Inheriting late conservative outlook of his father, Melgar engaged in a number of initiatives confronting secular tide of the 1868 Glorious Revolution. In 1869 he was among founders of La Armonia, a cultural society promoting Catholic orthodoxy as the backbone of public education. The same year he co-founded Juventud Católica and become treasurer of its Junta Superior, apart from engaging in other confessional bodies. He mixed with neocatólicos, tended to side with Nocedal in controversies with the Carlist claimant Carlos VII and by some scholars is considered a neo himself, but in his later years Melgar spoke about the Neo-Catholics with disregard if not sheer contempt.

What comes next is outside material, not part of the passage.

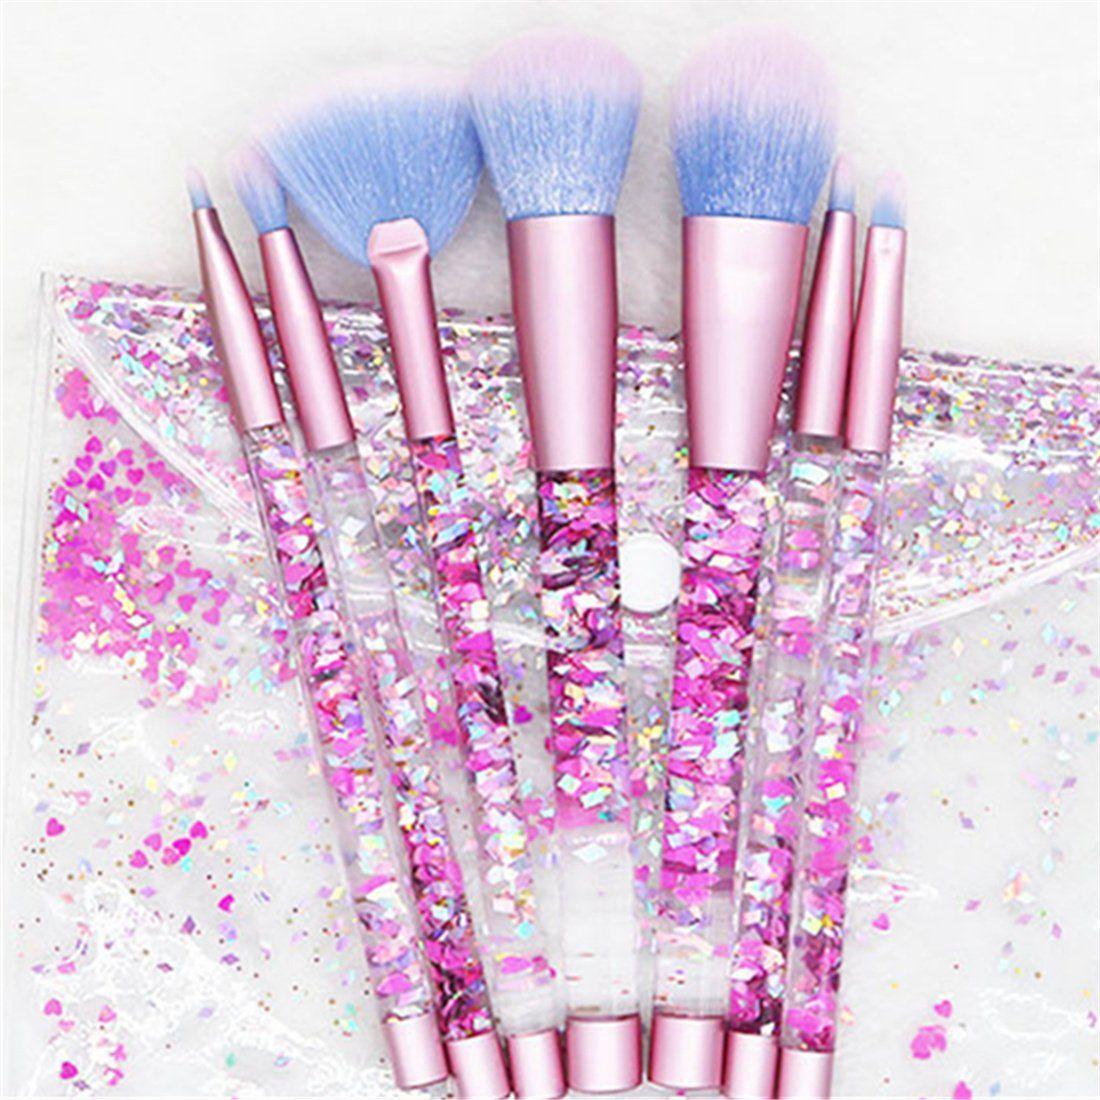 King Love Star New Makeup Brushes 7 Pieces/Set Quicksand

In the late 1860s Melgar, from his youth demonstrating impressive ease of writing, commenced co-operation with a number of Madrid right-wing periodicals and befriended Traditionalist pundits of the era, like Francisco Navarro Villoslada, Antonio Juan de Vildósola and Candido Nocedal; with Antonio Aparisi Guijarro he was even distantly related. Formally member of the editorial board of El Pensamiento Español, in 1871 he became key staff member of La Reconquista. Upon the 1872 outbreak of the Third Carlist War Melgar became editor-in-chief of the paper; increasingly endangered by Republican hit-squads dubbed "partido de la porra", he went into hiding. In 1873 he took part in gathering of Carlist press leaders in Bordeaux, where Melgar met the claimant for the first time. Having returned to Madrid he went on editing La Reconquista until it became impossible, in 1874 leaving by sea for the Carlist zone.

Carlos VII entrusted Melgar with setting up an official Carlist bulletin, which materialized in Tolosa as El Cuartel Real. Managed, edited if not mostly written by Melgar, it kept appearing until few days before the city fell to the Alfonsist troops in 1875. He later joined 2. Gipuzkoan Battalion. His older brother was mortally wounded in action, but it is not clear whether Francisco took part in combat; according to some sources he fought in last battles of the war. He then survived mutiny of the unit and in February 1876 crossed the Pyrenees into France, breaking his rifle upon leaving the country.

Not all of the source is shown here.